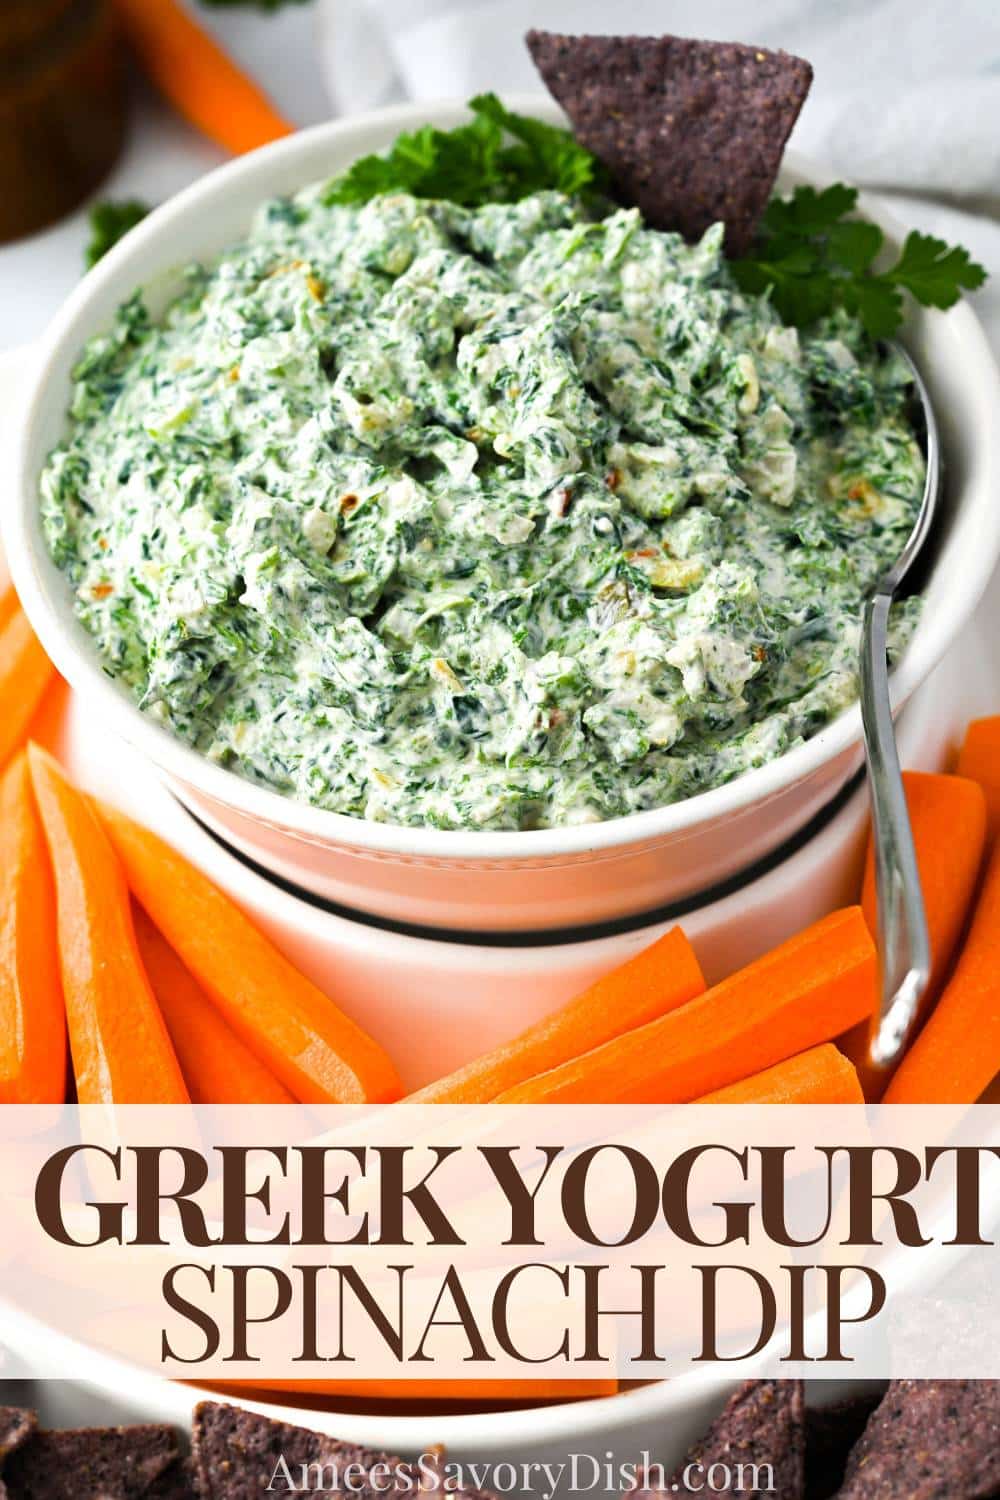 This Spinach Dip with Greek Yogurt is a timeless cold dip reimagined! It’s just as cool, creamy, quick, easy, and downright delicious as the old-school Knorr version made with mayo but with less fat and MUCH more protein. via @Ameessavorydish
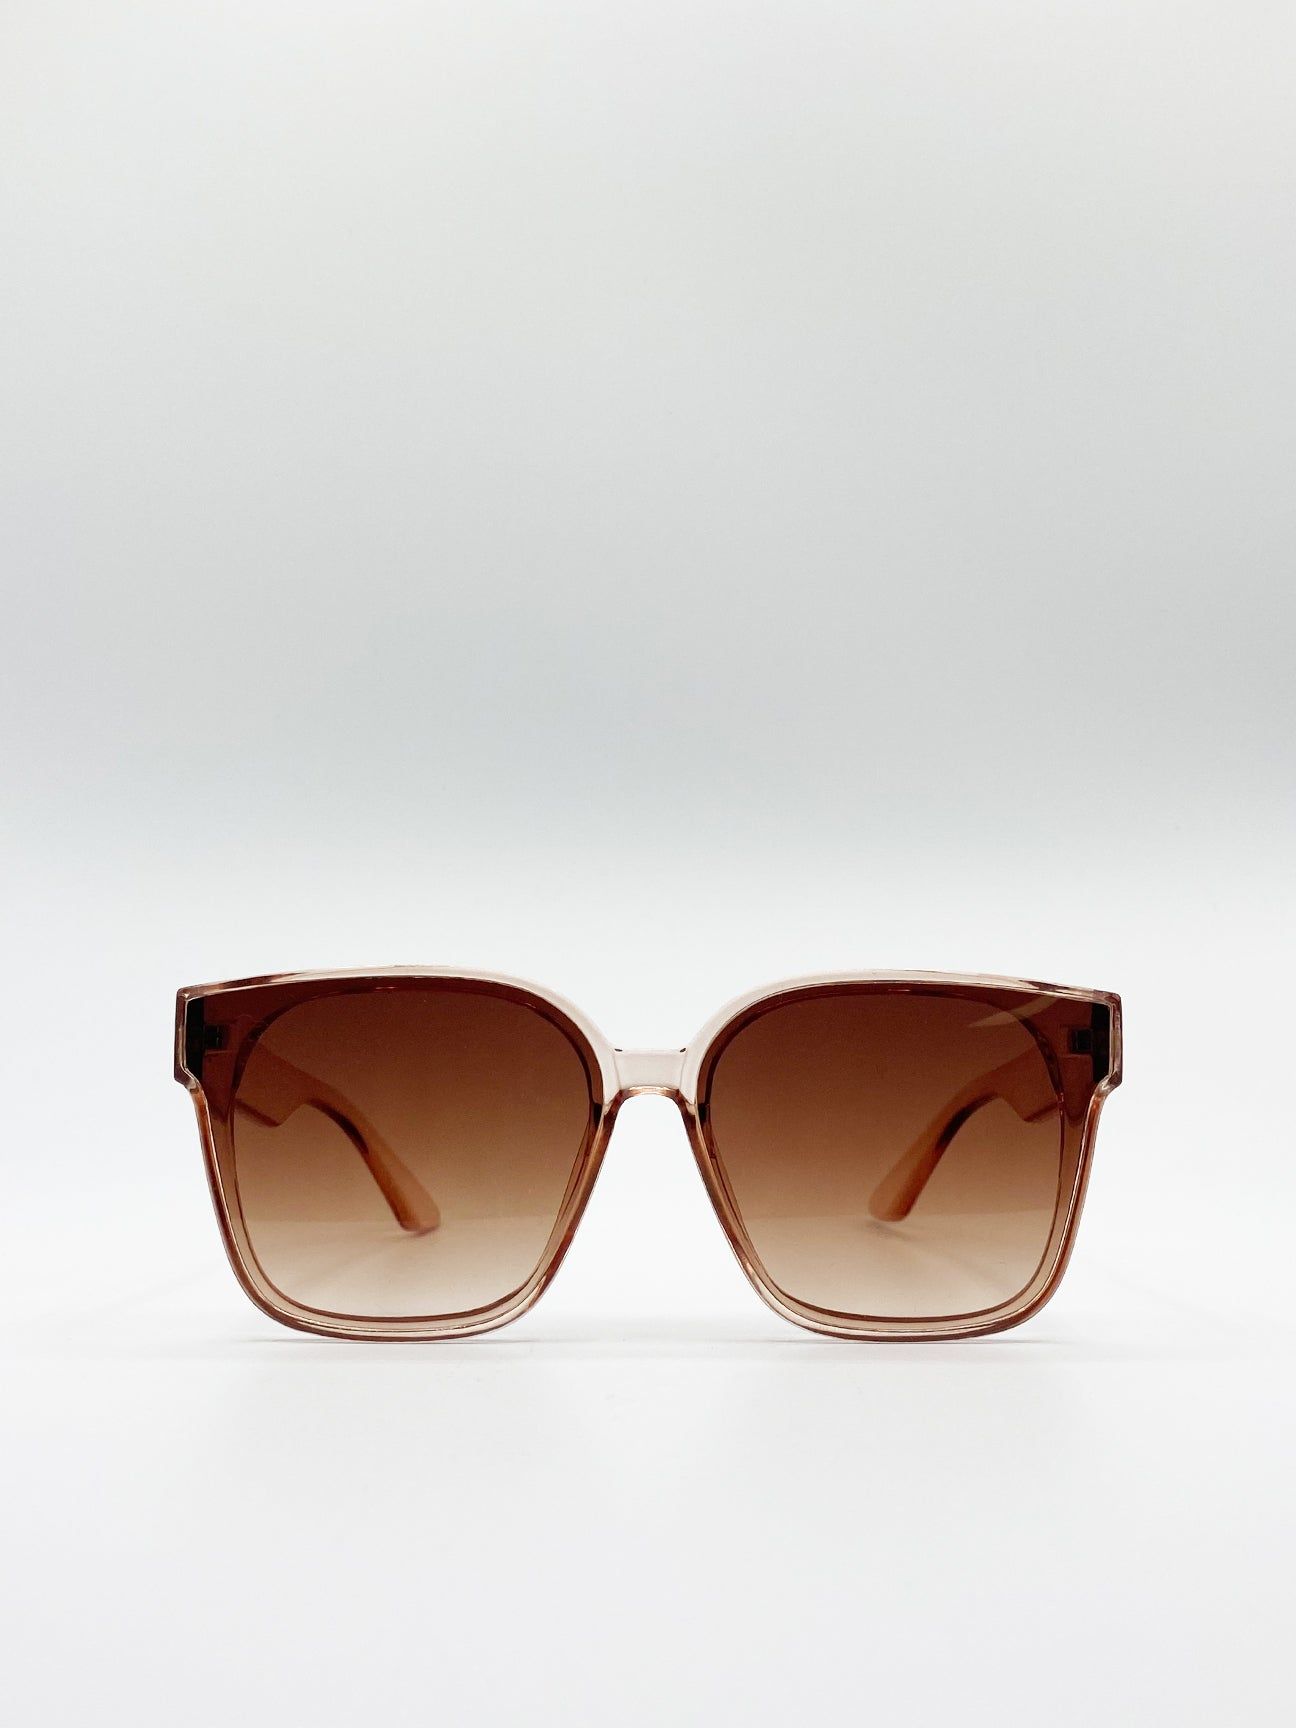 Oversized Cateye Sunglasses In Crystal Sand
Frame Colour: Crystal Sand
Lens Colour: Brown Grad
Frame Material: Plastic
One Size
FDA Approved
UV 400 PROTECTION IN ACCORDANCE WITH 89/686/EEC BS EN ISO 123-1:2013
SKU: SG80207190

• [Action item]: For the word "Colour", count the lines of the records that contain it and give only the number.

• [Exercise output]: 2